The central risk is not that an employee asks an outside chatbot to improve a generic sentence. It is that the prompt, uploaded document or connected application may contain information that the organization has a legal or commercial duty to protect. ManageEngine found that 37% of surveyed employees had shared internal documents such as strategies or financial material with unauthorized AI tools. Thirty-three percent reported sharing confidential client information, 32% had entered non-public product information and 37% had included information about colleagues or team members. The same findings exposed a confidence problem: 90% of employees said they trusted unauthorized AI tools to protect their data, while half believed there was little or no risk in using them. Yet the organization may not know where the information is processed, how long it is retained, whether it is used to improve the service or what contractual protections apply. There is also the possibility that an AI-generated answer will be inaccurate but convincing. In a low-stakes brainstorming session, that may create an awkward sentence. In financial, legal, health or employment-related work, it can influence a consequential decision or place incorrect information in front of a client.

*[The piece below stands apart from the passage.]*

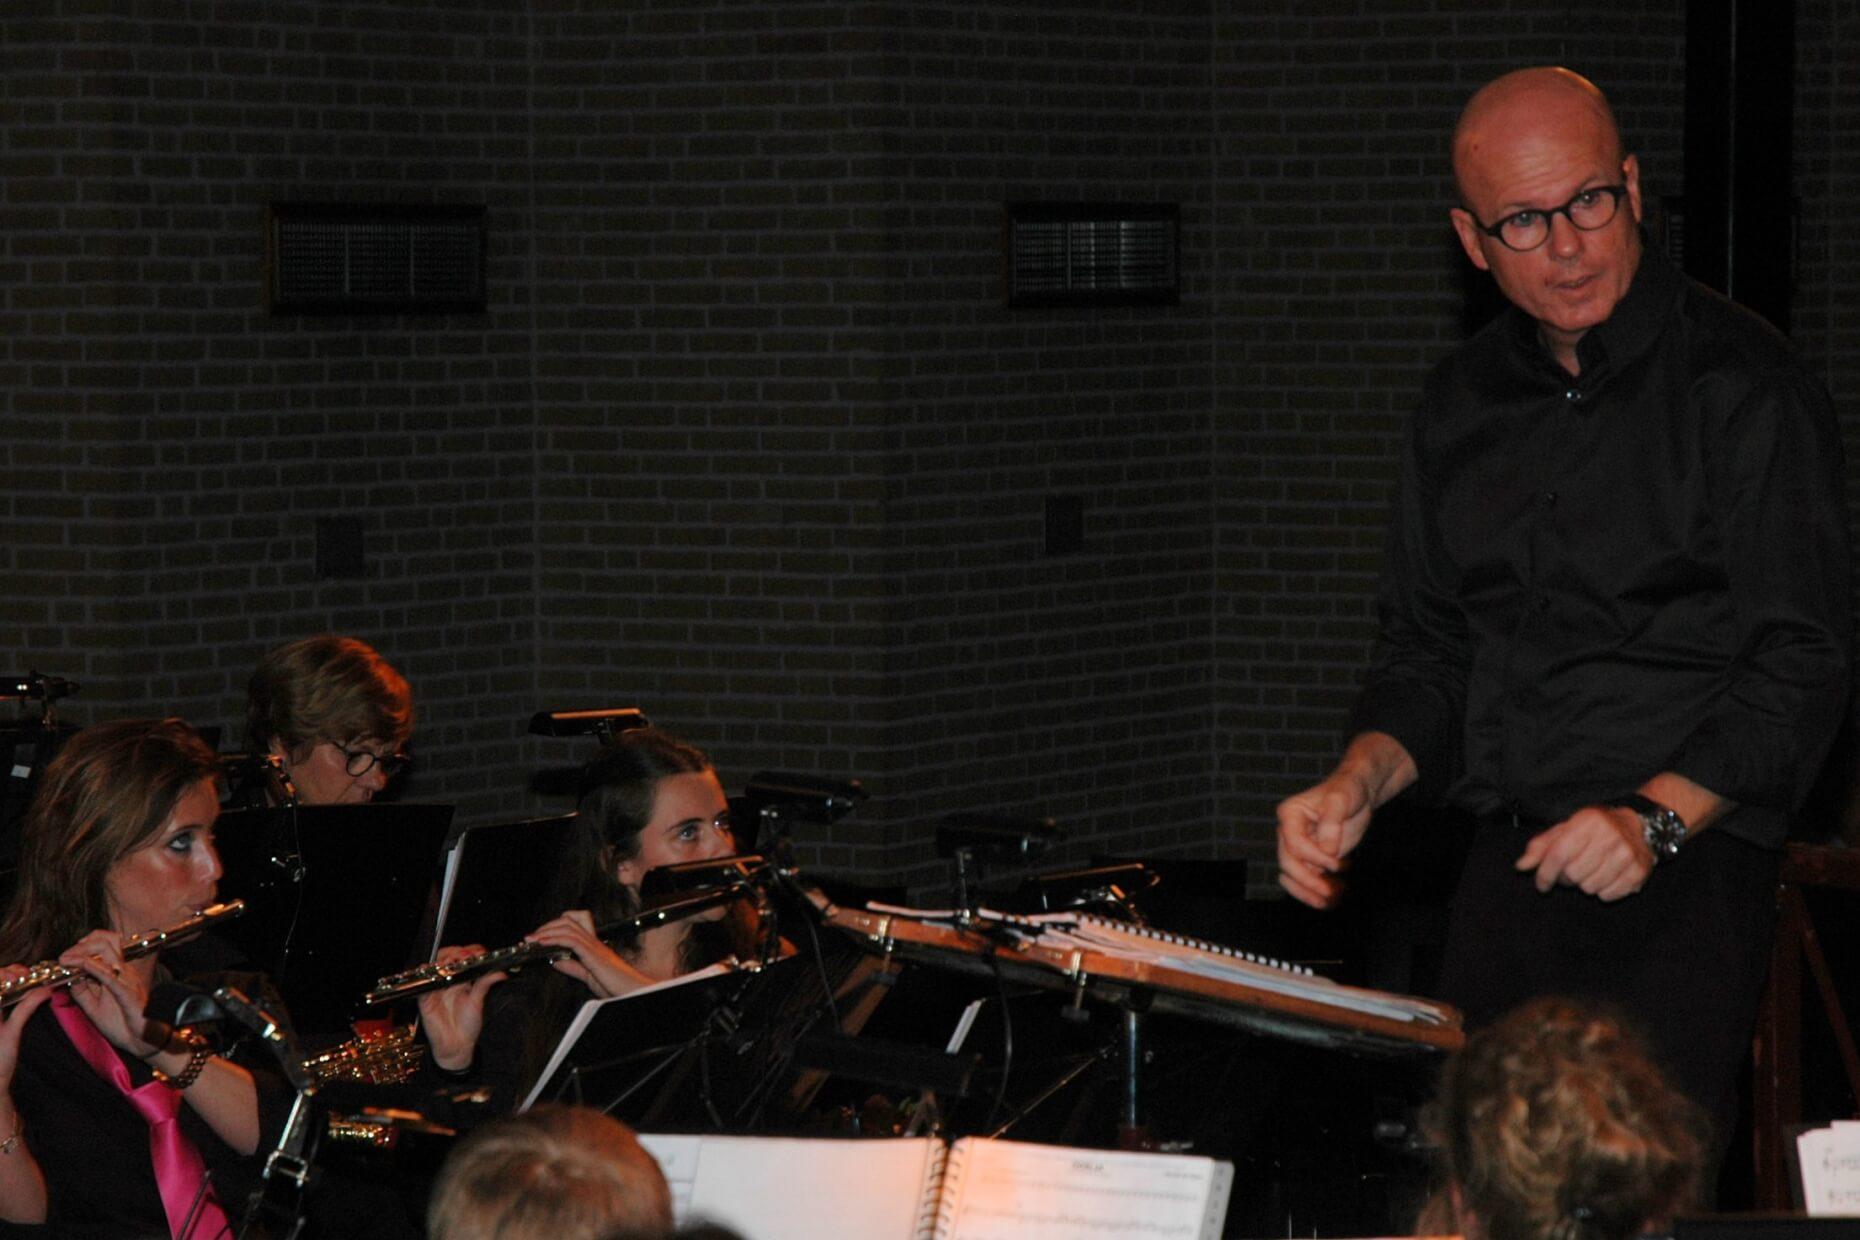 aspirantenorkest najaarsconcert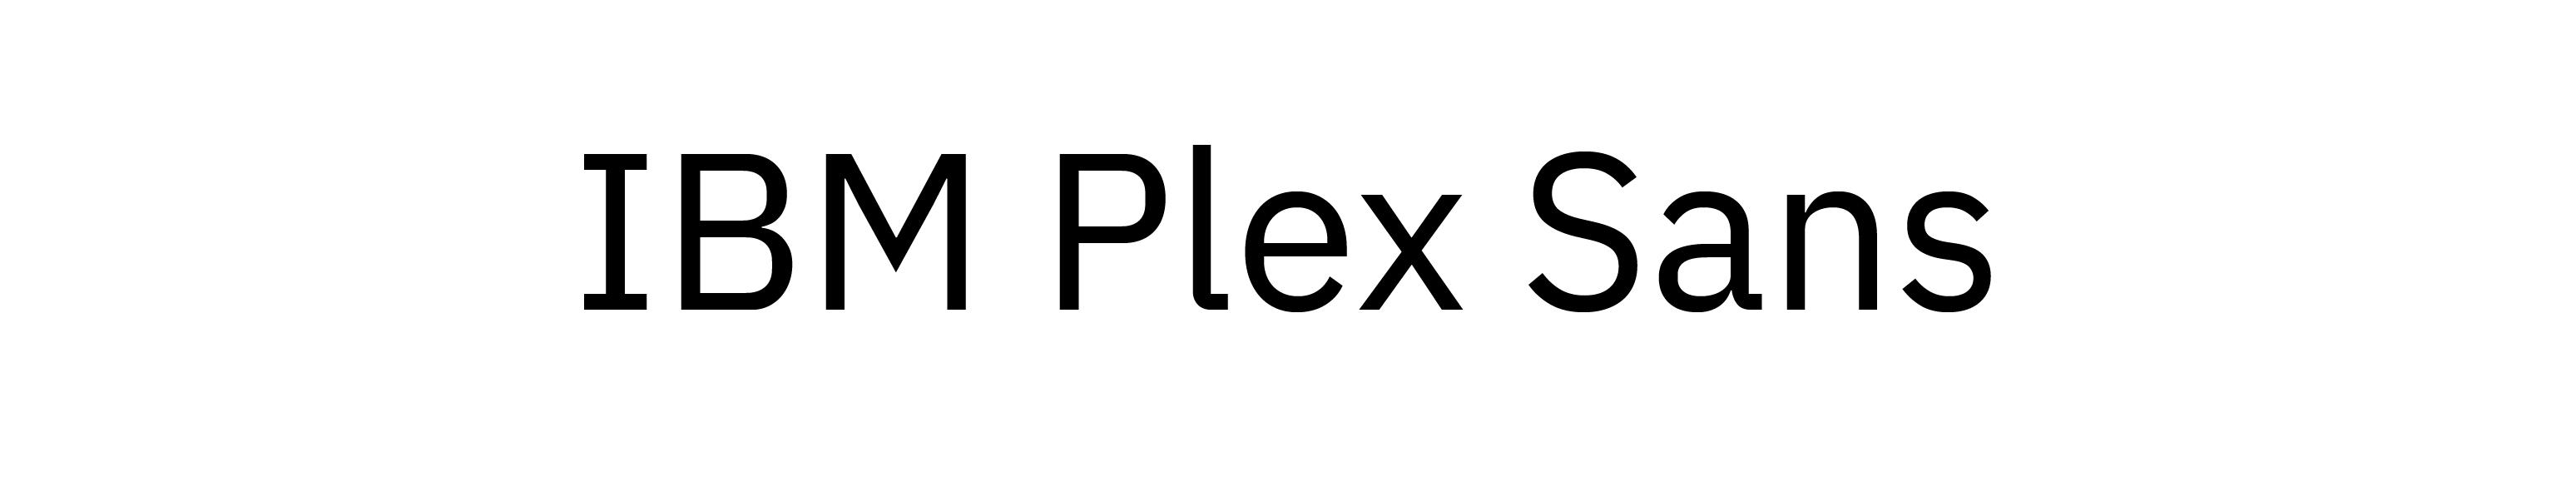 IBM Plex Sans

The potential cost becomes clearer when examining organizations that have already experienced data breaches. IBM and the Ponemon Institute studied breaches at 600 organizations around the world between March 2024 and February 2025. One in five of those breached organizations reported an incident linked to shadow AI, while organizations with high levels of shadow-AI activity recorded average breach costs that were $670,000 higher than those with little or none. The report also found that 63% of the breached organizations either lacked an AI-governance policy or were still developing one. The solution, however, is not necessarily a blanket ban. Canadian privacy authorities advise organizations using generative AI to establish a valid basis for handling personal information, use anonymized or de-identified information where possible, assess privacy impacts, evaluate accuracy and apply safeguards suited to the sensitivity of the data. A workable employer response would translate those principles into everyday choices: a short list of approved tools, clear examples of prohibited inputs, secure enterprise accounts, human review for consequential outputs and a fast process for requesting new capabilities. Workers should know that asking for help will not automatically trigger discipline. When approved technology is practical and policies are understandable, employees have fewer reasons to hide the tools they have already made part of their jobs.